Há vários modus operandi de lavagem de dinheiro no Brasil, que são conhecidos como tipologias. Eles vão depender das circunstâncias, do grau de especialização do grupo, e até da origem do dinheiro a ser lavado. Como a corrupção é um forte do nosso sistema, muito se utiliza da falsa prestação de serviços, como por exemplo, de consultoria, para lavagem de dinheiro nesse setor, justificando assim faturamentos irreais. Vários são os exemplos recentes dessa modalidade de utilização. A figura dos laranjas é utilizada com frequência. Os paraísos fiscais também continuam no topo, como um “porto” relativamente seguro, apesar de fortes iniciativas internacionais no sentido de evitar essa prática, sobretudo obrigando a transparência desses regimes, como tem ocorrido com a Suíça, por exemplo, que luta para perder esse estigma, sobretudo tornando-se mais aberta à cooperação. Mas a criatividade nesse sentido é grande e sempre serão identificadas novas formas, que acompanham, sobretudo, as inovações tecnológicas e novos produtos no mercado. Velhas fórmulas se reciclam e os órgãos de persecução devem estar cada vez mais atentos a cada novo produto do mercado, principalmente financeiro, como por exemplo, o Paypal, os sites de comércio eletrônico, etc. São estruturas que podem ser utilizadas, mediante técnicas acuradas, para a lavagem de dinheiro.

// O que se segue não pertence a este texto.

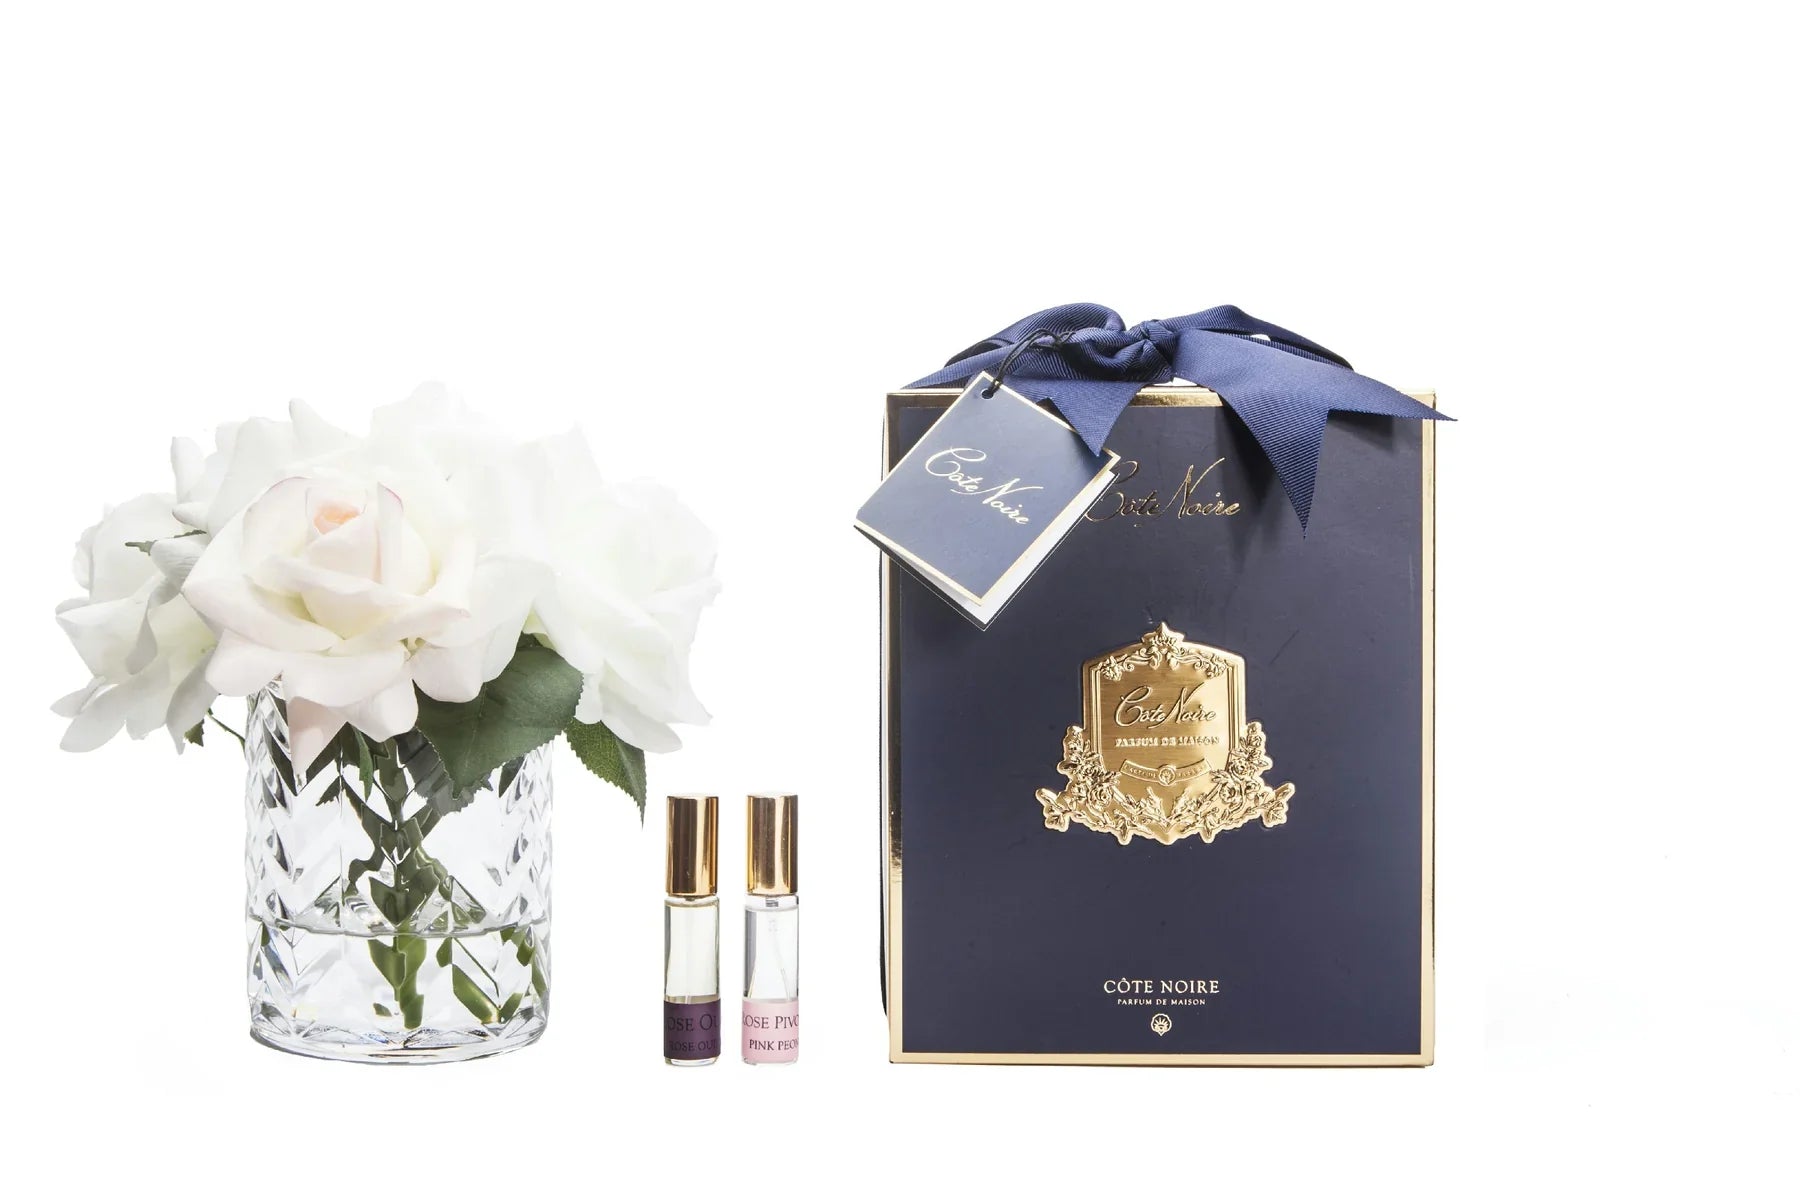 weisse rosen in durchsichtigem glas mit muster. daneben zwei parfumsprays und blaue geschenkbox mit schleife.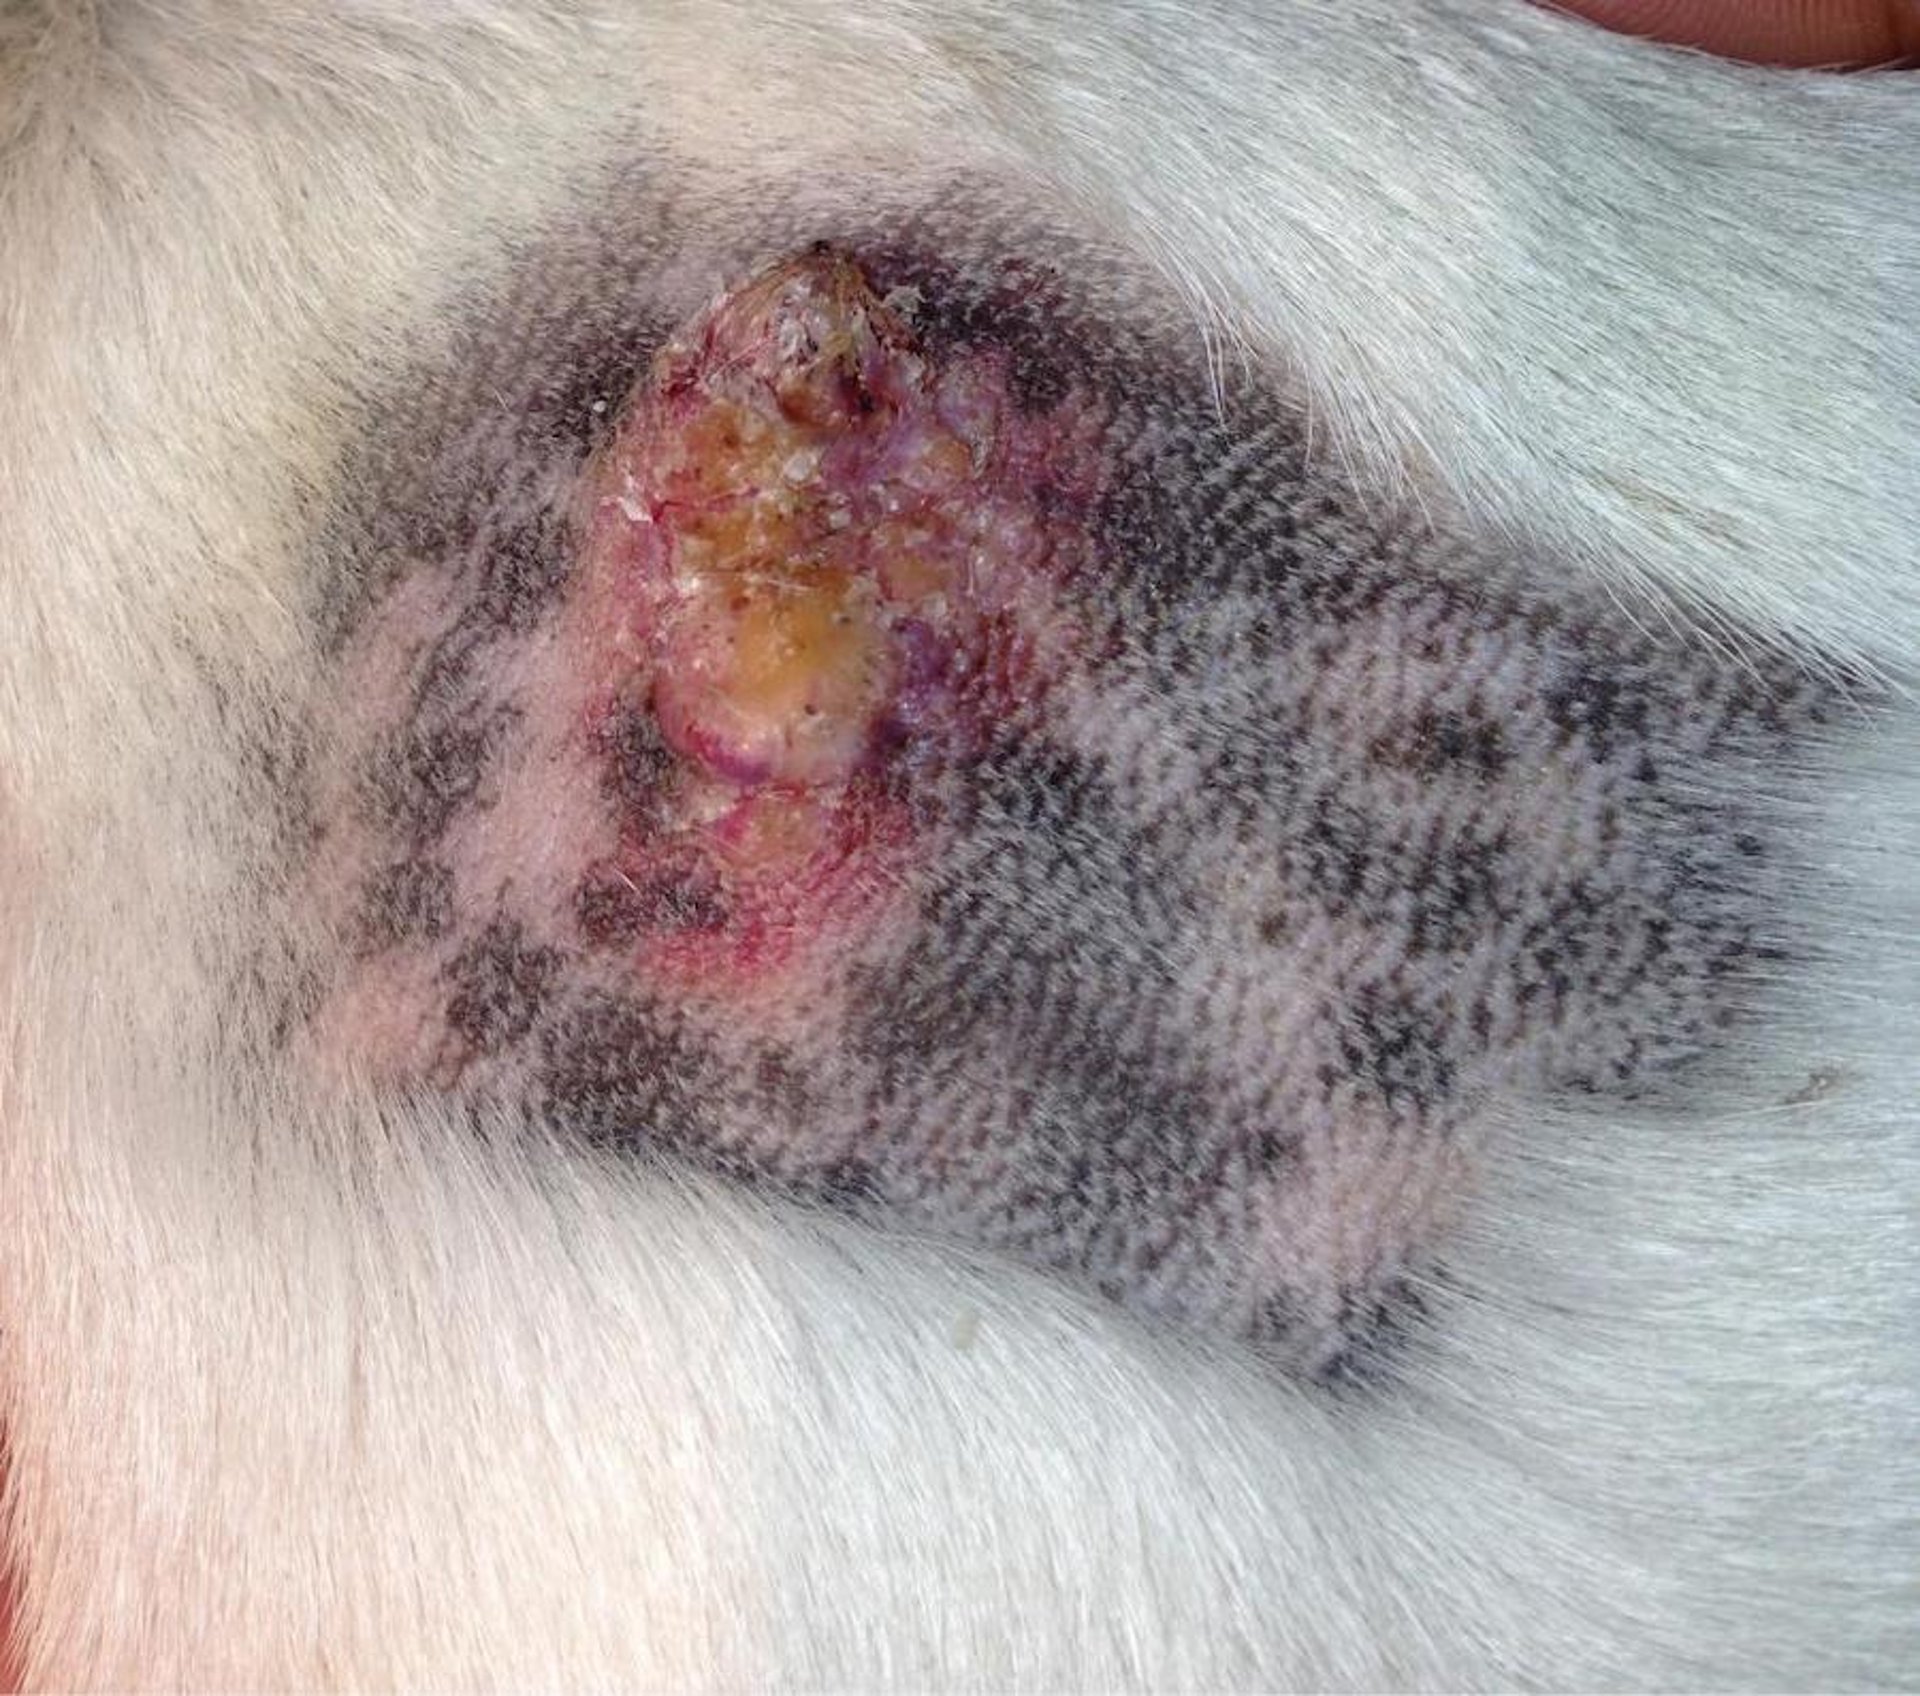 Viral-induced squamous papilloma, shoulder, 12-year-old Bulldog

|Qual a importância de se combater esse tipo de crime?

Embora as discussões quanto ao bem jurídico tutelado pelo crime de lavagem de dinheiro sejam acirradas na doutrina, tanto nacional quanto internacional, creio que a importância aqui está fundamentalmente na regra de se combater o crime organizado pela sua descapitalização. Há muito tempo a pena de prisão já se encontra em decadência. No caso dos crimes de lavagem de dinheiro e demais crimes do chamado “direito penal econômico” ou ainda os “crimes de colarinho branco”, geralmente se atingem setores da sociedade que desfrutam de alto status social, que possuem plena consciência da ilicitude de suas condutas. Somente com o ataque ao que esse nicho da criminalidade tem de maior valor, que é o benefício auferido com o crime, é que será possível enfrentar esse tipo de criminalidade. Isso já era objeto das lições do Dr. Getúlio Bezerra há 10 anos, quando cursei a Academia Nacional de Polícia.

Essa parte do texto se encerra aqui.